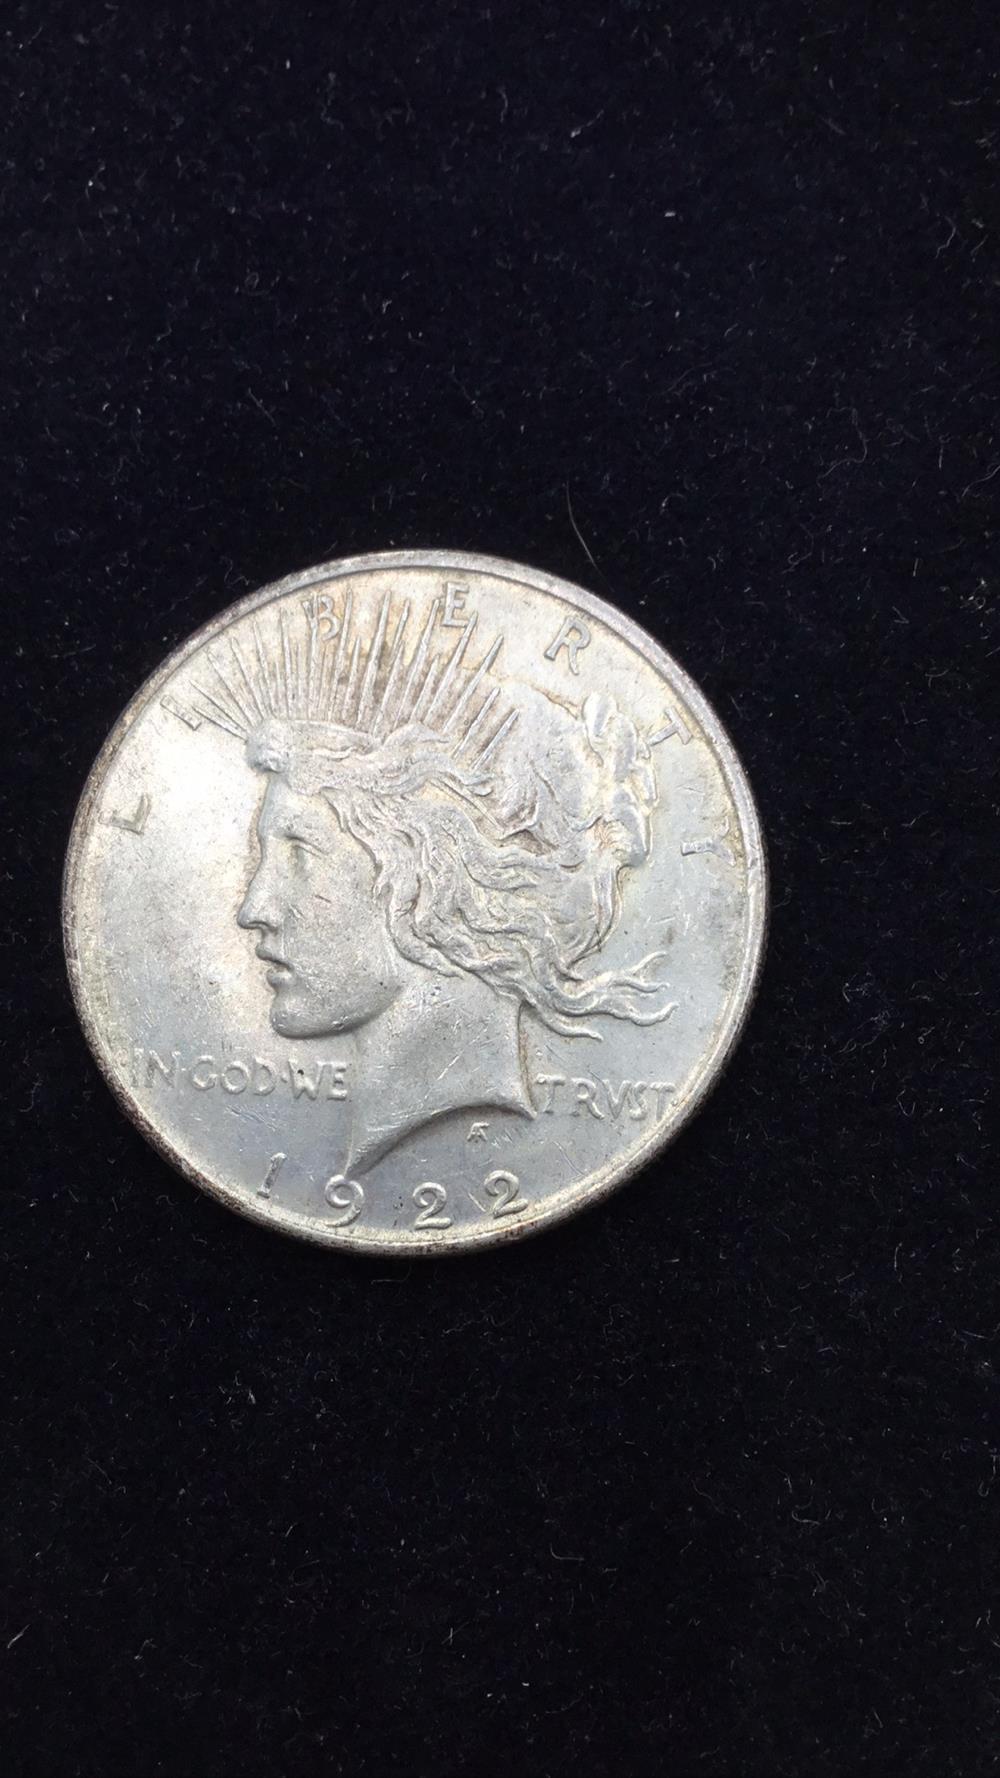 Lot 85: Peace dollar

* * *

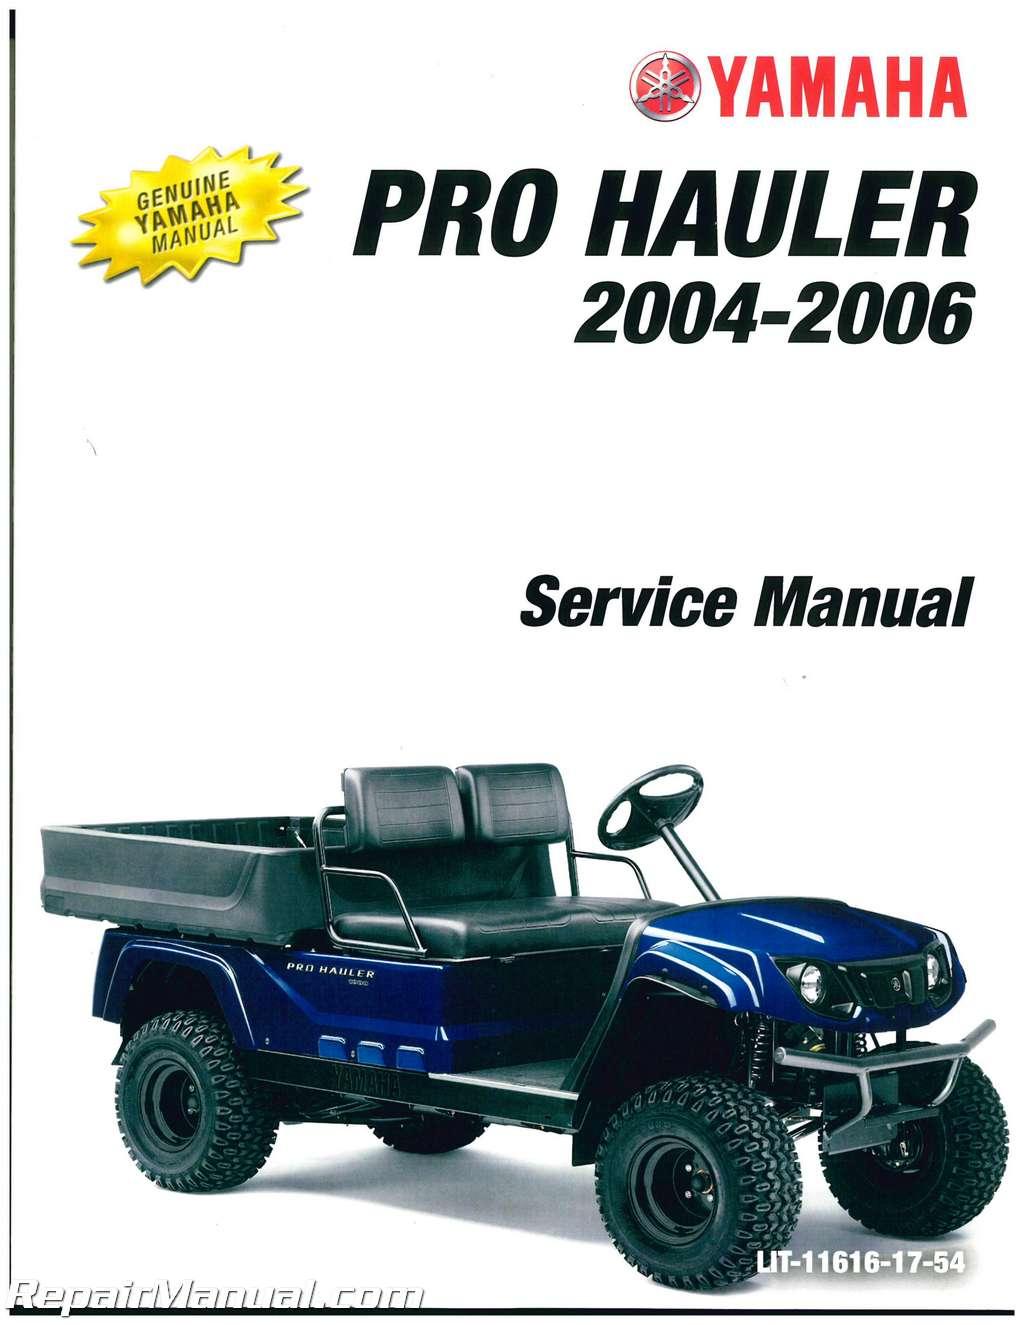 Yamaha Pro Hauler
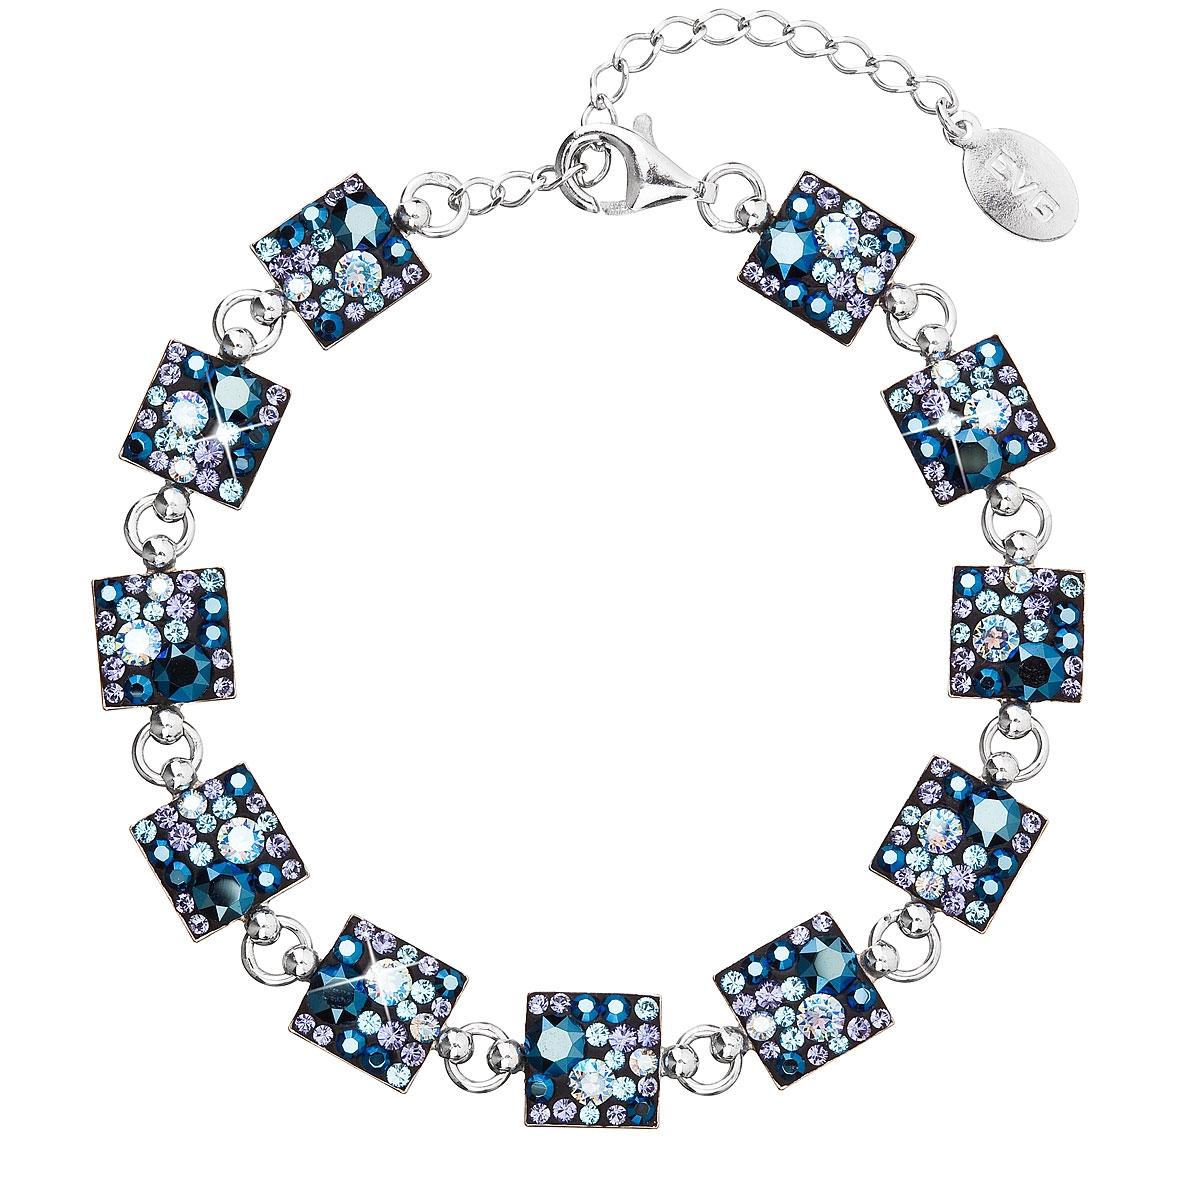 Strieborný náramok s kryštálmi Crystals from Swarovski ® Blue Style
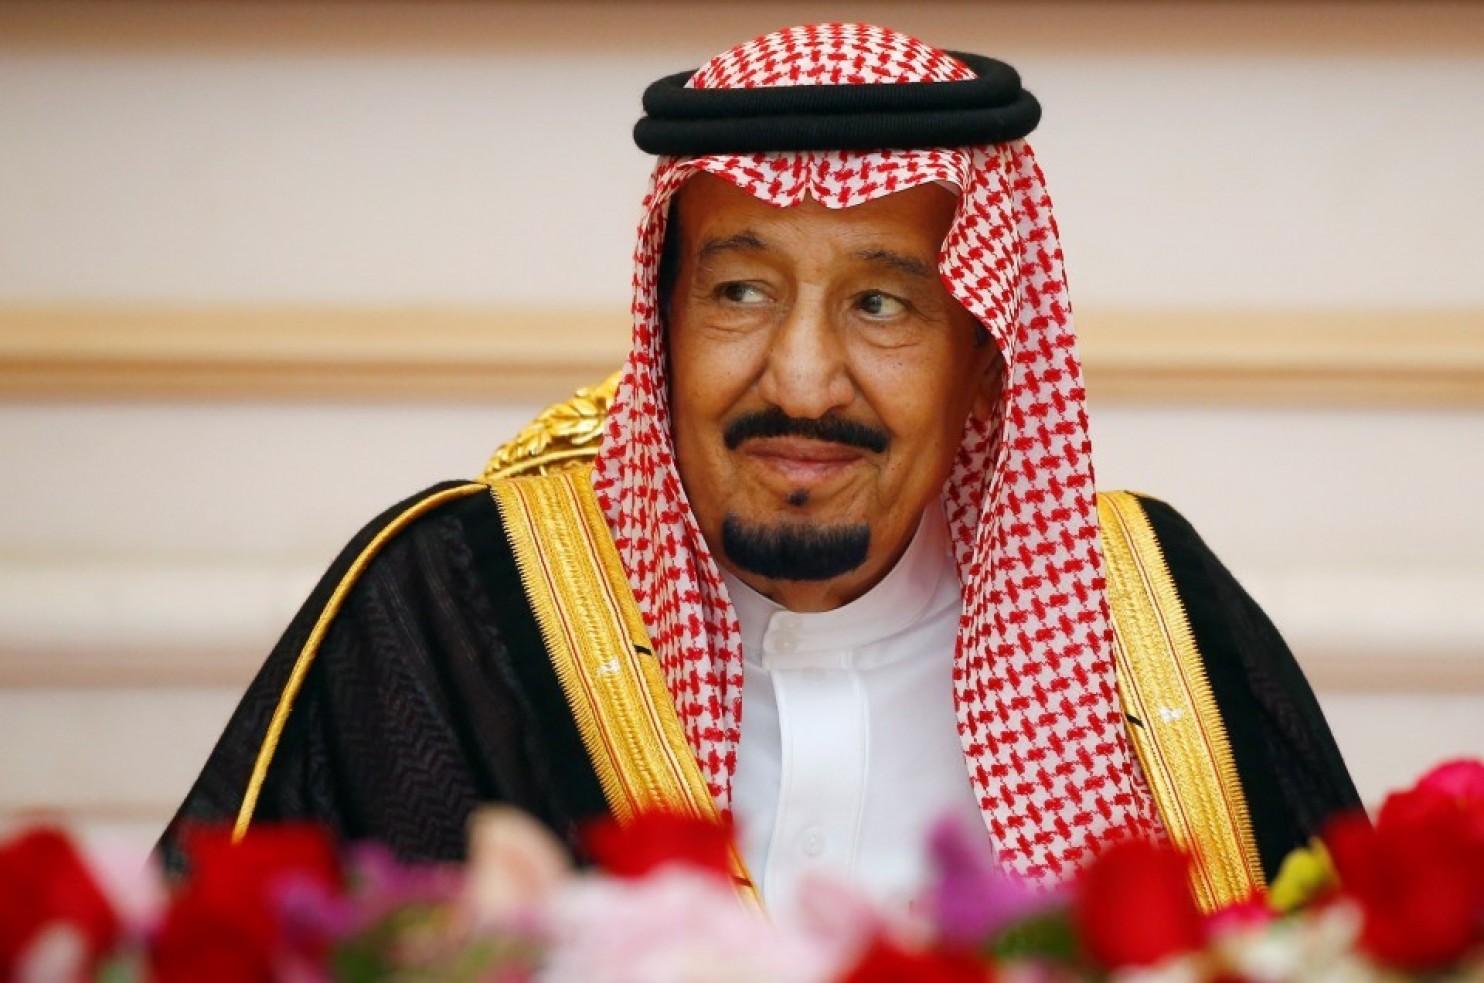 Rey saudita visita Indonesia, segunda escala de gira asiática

**Problem to work on:**
In the listing above, find the line with "Strieborný náramok s" and the line with "Rey saudita visita". Copy exactly those lines and all between them, minus the images.

**Answer space:**
 Strieborný náramok s kryštálmi Crystals from Swarovski ® Blue Style
 Rey saudita visita Indonesia, segunda escala de gira asiática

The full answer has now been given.